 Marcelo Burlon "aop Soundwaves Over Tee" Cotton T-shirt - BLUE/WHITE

○ ○ ○ ○

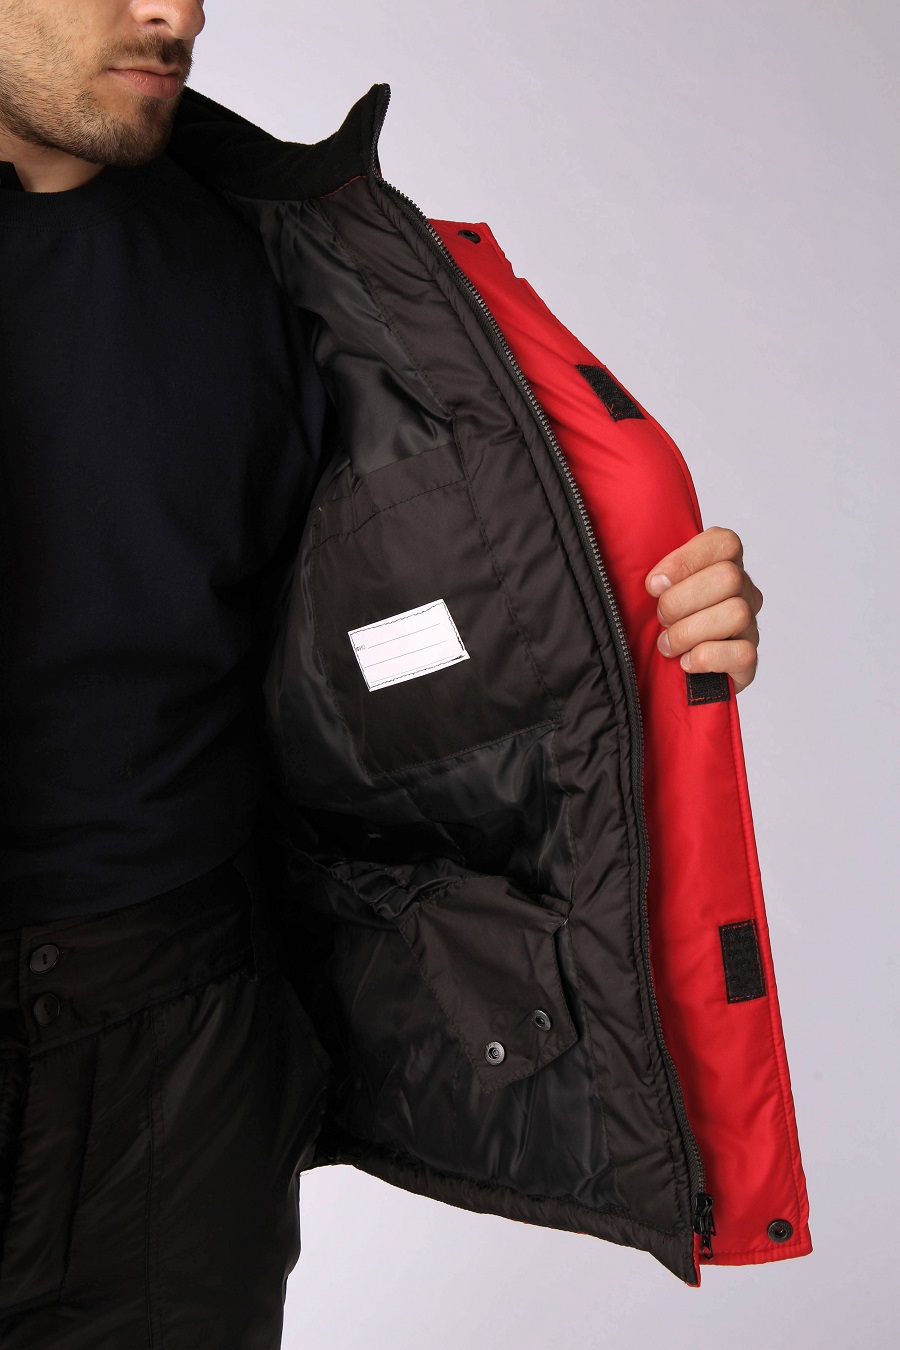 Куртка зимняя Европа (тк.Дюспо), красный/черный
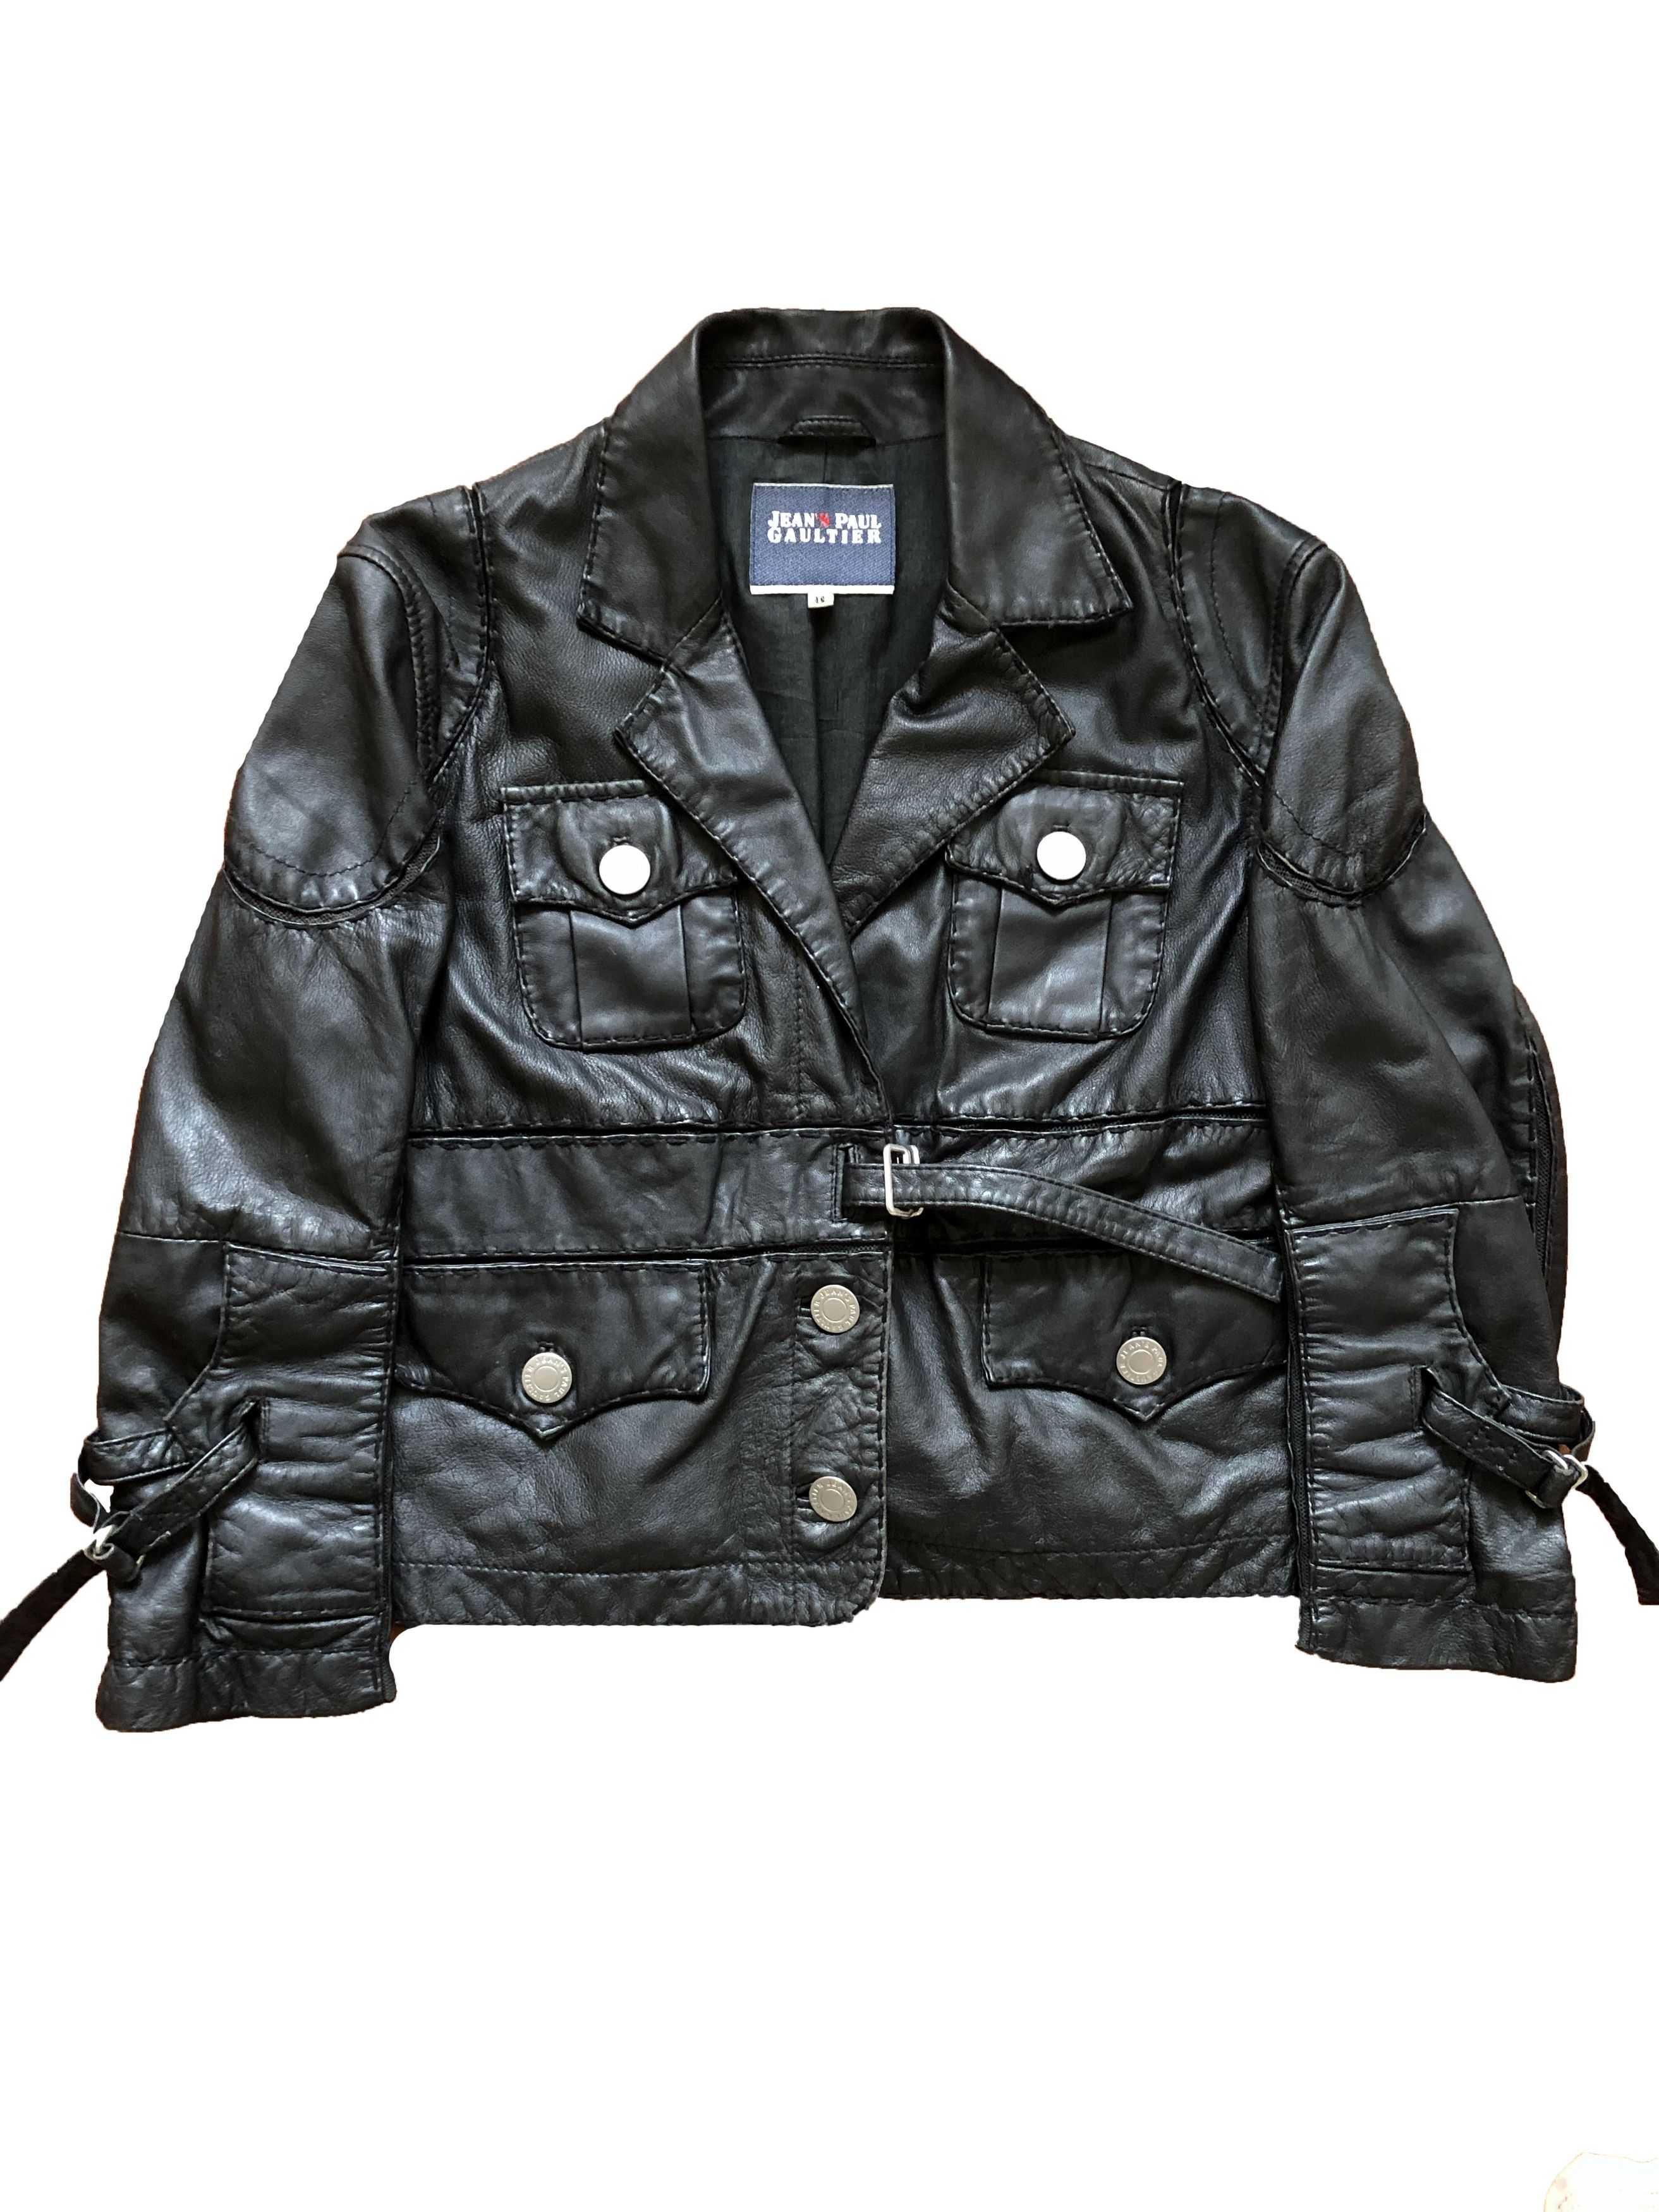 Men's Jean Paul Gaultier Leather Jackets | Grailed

○ ○ ○ ○

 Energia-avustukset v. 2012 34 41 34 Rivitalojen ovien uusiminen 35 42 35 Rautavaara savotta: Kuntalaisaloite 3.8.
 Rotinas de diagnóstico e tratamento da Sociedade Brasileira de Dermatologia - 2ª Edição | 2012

○ ○ ○ ○

Precisely the lines between those holding "Energia-avustukset v. 2012" and "Rotinas de diagnóstico", inclusive, are to be reproduced from the listing above, with nothing added.

 Energia-avustukset v. 2012 34 41 34 Rivitalojen ovien uusiminen 35 42 35 Rautavaara savotta: Kuntalaisaloite 3.8.
 Rotinas de diagnóstico e tratamento da Sociedade Brasileira de Dermatologia - 2ª Edição | 2012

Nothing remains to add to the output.